A nursing care plan for Mrs. D involves immediate stabilization for severe dehydration, blood sugar regulation, infection control, nutritional support, specialized wound care, and pressure ulcer prevention.

Step-by-step explanation:

Nursing Care Plan for Mrs. D

Mrs. D is an elderly woman with a complex health condition, including dehydration, pneumonia, and a history of cerebrovascular accident (CVA), dementia, and diabetes. Based on her clinical presentation, the following nursing care plan aims to address her acute and critical needs:

  • Immediate stabilization: Given her severe dehydration and hypotension (BP 80/65), aggressive fluid resuscitation is required to support her blood pressure and perfusion.
  • Blood sugar regulation: With a blood sugar level of 30 mmol/L, she needs insulin therapy and frequent monitoring to bring her glucose levels within a normal range.
  • Infection control: Her high sodium level (Na 160 mmol/L), increased white blood cell count (WBC 15 x 10-9/L), and fever indicate a severe infection likely linked to pneumonia.
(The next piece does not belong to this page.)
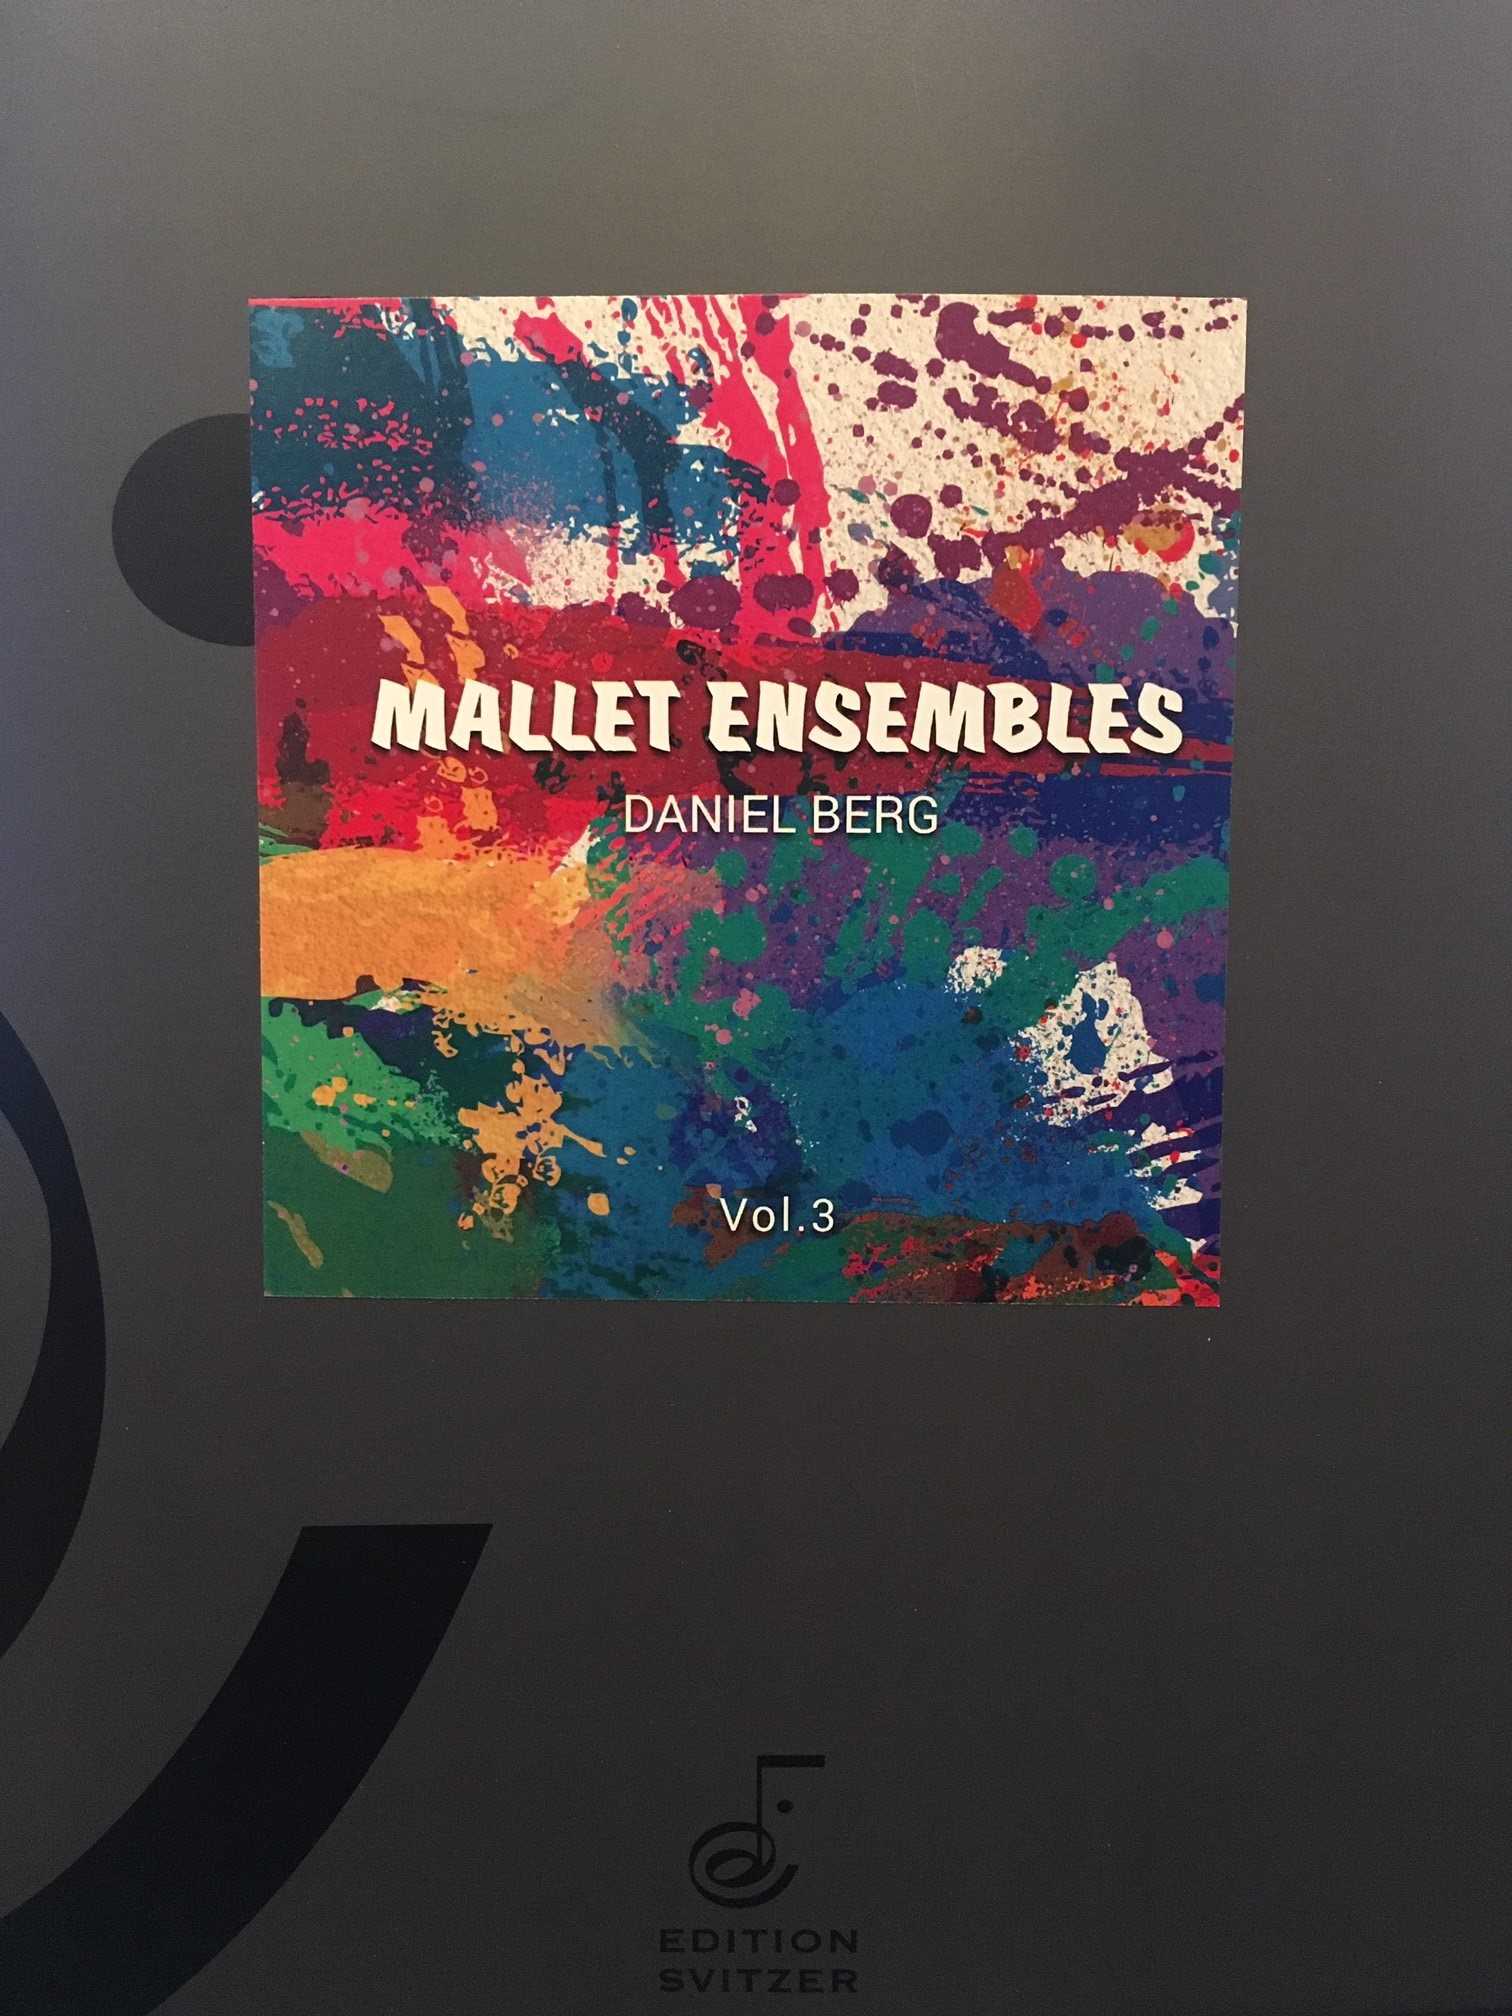 Mallet Ensembles Vol. 3 by Daniel Berg

Antibiotic therapy and monitoring of infection markers are crucial.
  • Nutritional support: As she is not eating and her albumin level is very low (10 g/L), nutritional assessment and support, potentially in the form of enteral or parenteral nutrition, may be required.
  • Wound care: The sacral cavity with greenish exudate and surrounding erythema needs meticulous wound care to prevent further infection and aid in healing.
  • Pressure ulcer prevention: Regular repositioning and skin care are necessary due to the non-blanchable reddened areas on her hips and her immobility.

This care plan should be frequently reassessed and adjusted according to Mrs. D's evolving clinical status.